Figure 3. Optimization of ENTER to present intracellular antigens on viral surface and decode interaction between BCR with antigens.

A. Schematic view of experimental design. During the assembly and budding of lentiviruses, certain host cell surface proteins can be incorporated into the surface of viruses. TM domains of host proteins selected from literature are fused with a B cell epitope derived from intracellular antigen HPV16 L2.

B. Representative flow plot from triplicates showing GFP signal in HPV-BCR+ B cells incubated with GFP viruses displaying HPV epitope fused with different TM domains. B cells without BCR expression serve as a negative control.

C. Bar plots showing the percentage of GFP+ B cells from Figure 3B.

D. Representative flow plot from triplicates showing GFP signal in RBD-BCR+ B cells upon incubation of ENTER viruses displaying SARS-CoV-2 Spike RBD antigen or HPV L2 antigen as a negative control (left). Bar plot showing the frequency of GFP+ cells upon incubation of on-target or off-target ENTER viruses (right).

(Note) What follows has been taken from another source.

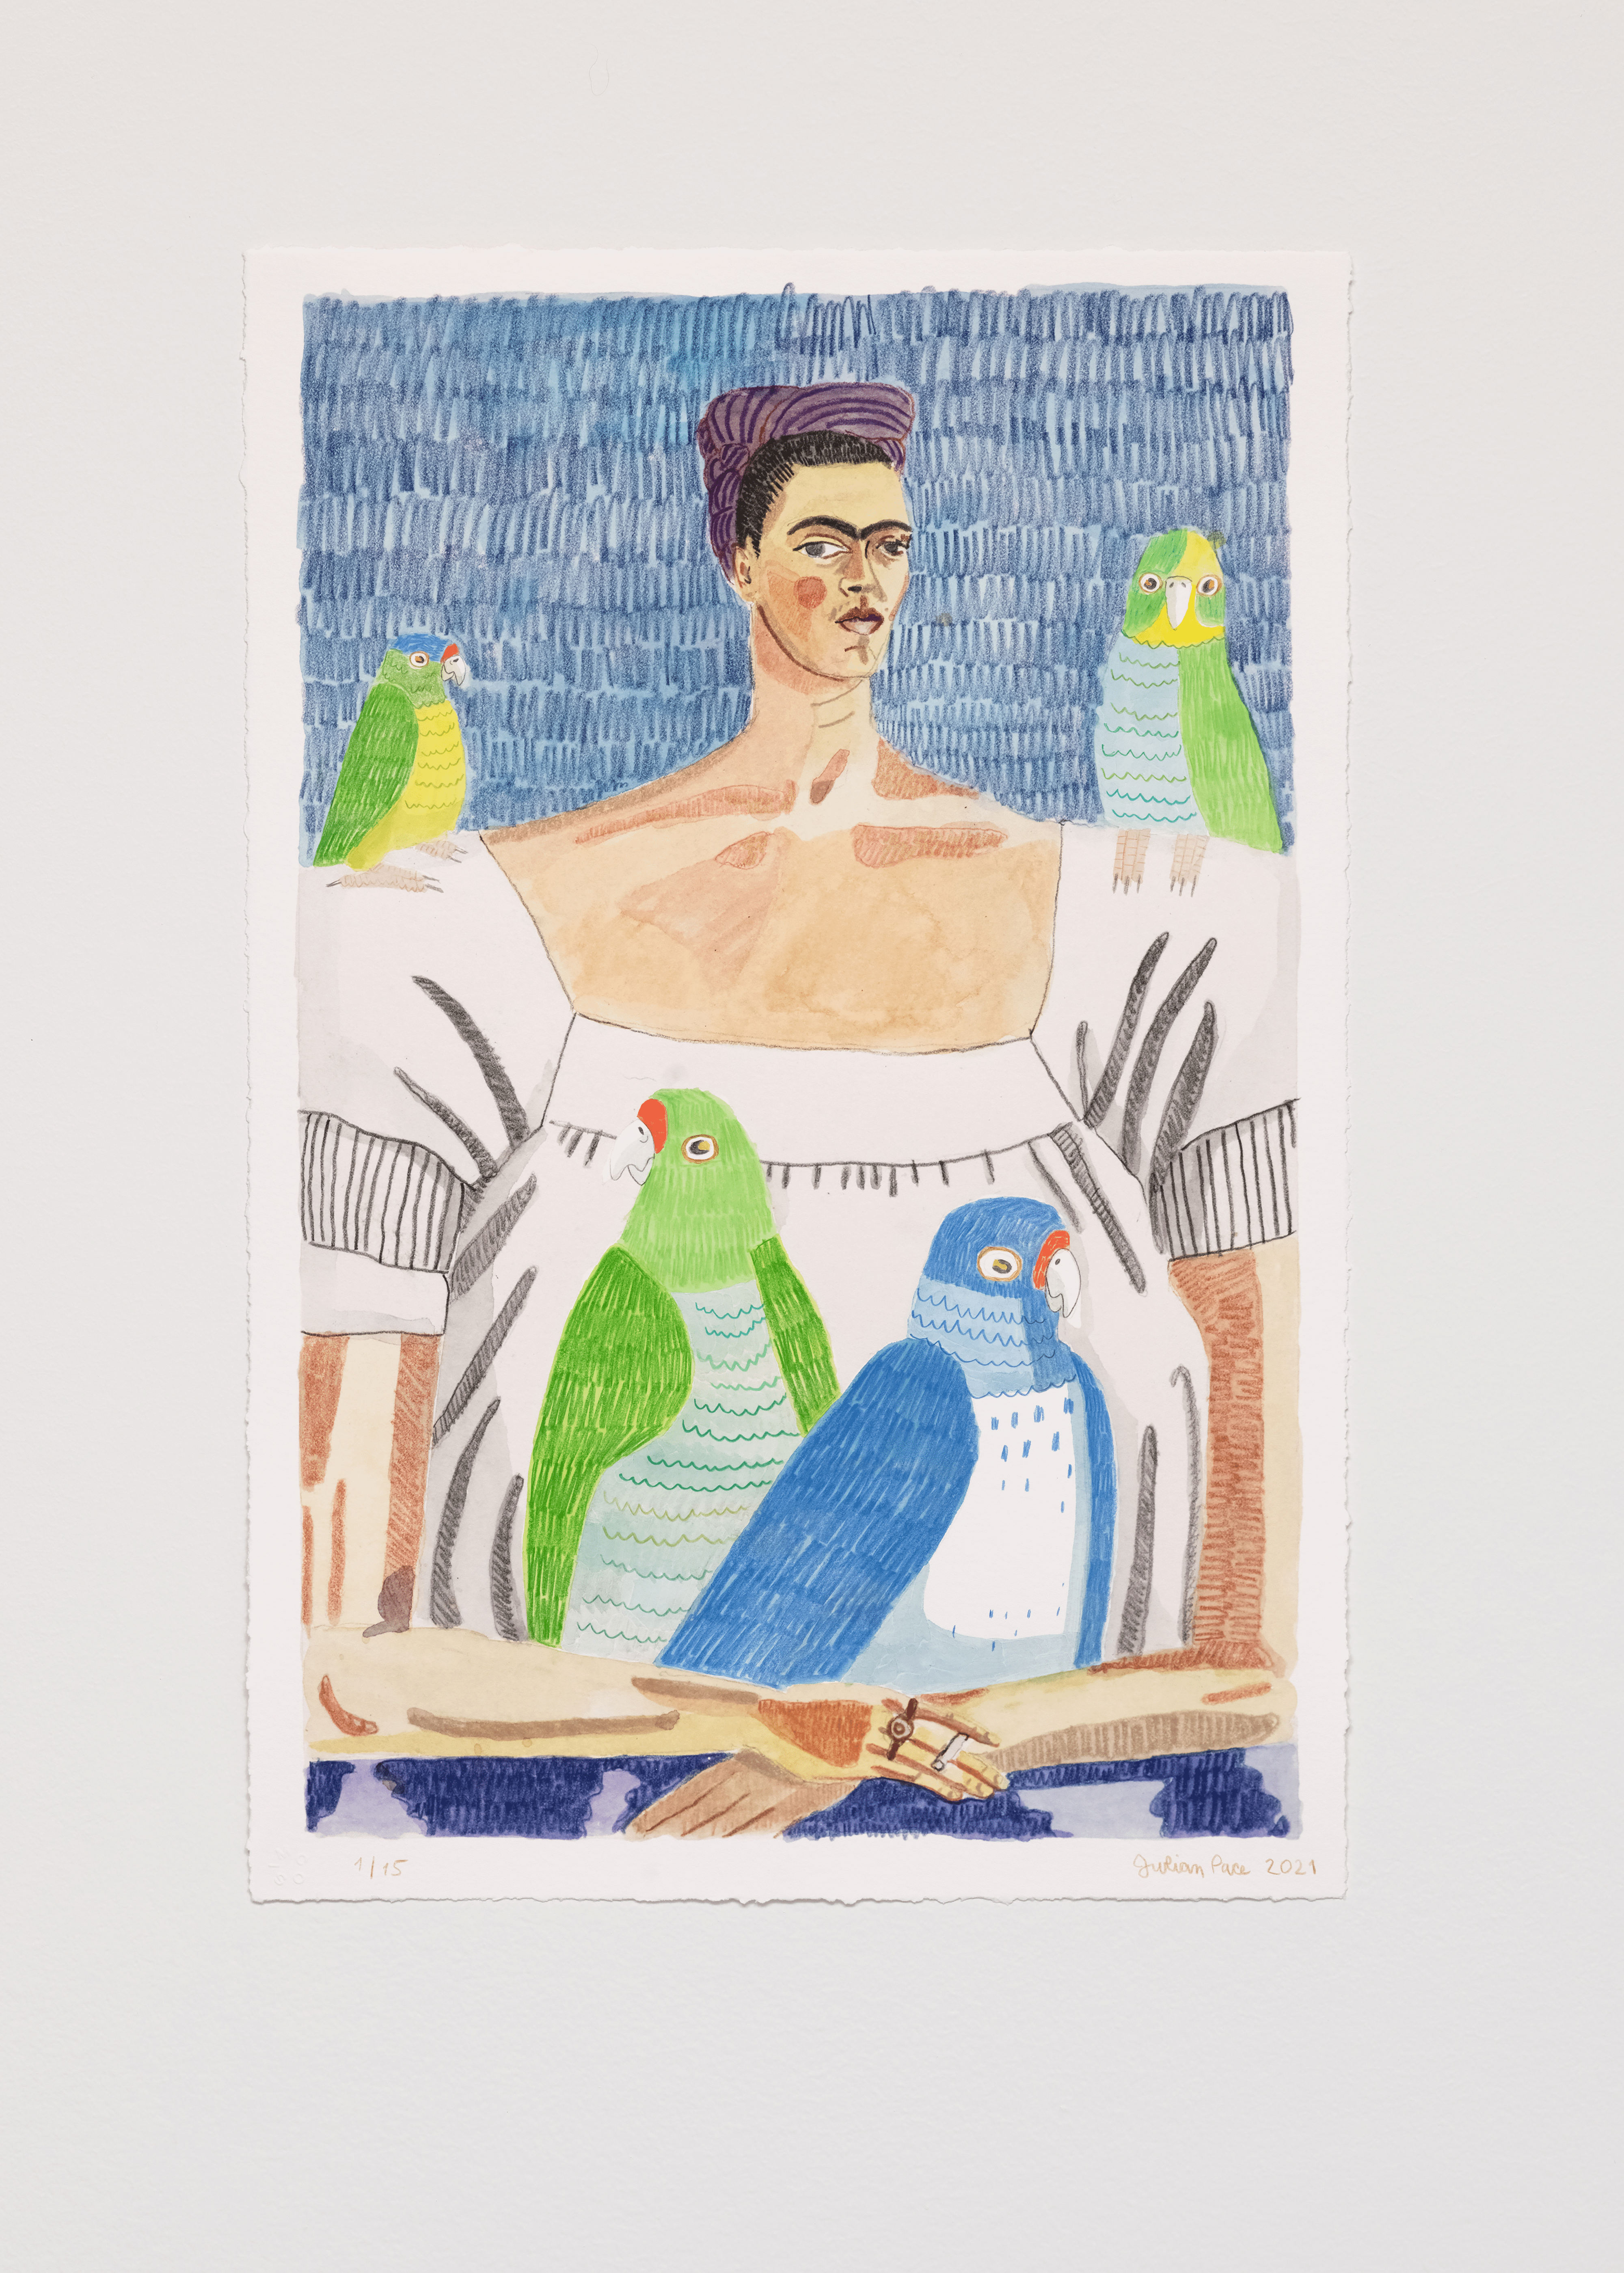 Julian Pace - Frida and Parrots #1

E. Schematic view of experimental set up (top) and flow cytometry analysis (bottom) of B cell mixing experiment. Violet dye labeled RBD-BCR+ B cells were mixed with HPV-BCR+ B cells at different ratio, and then incubated with GFP viruses displaying RBD antigen fused with ICAM1 TM domain. Representative flow plot showing 1:1000 mixing of two B cell population and GFP signal of B cells gated on violet+ and violet− population.

F. Bar plot showing the signal-to-noise ratio of ENTER from Figure 3E and Figure S3C.

Data are represented as mean +/− SEM in C, D, and F from triplicates.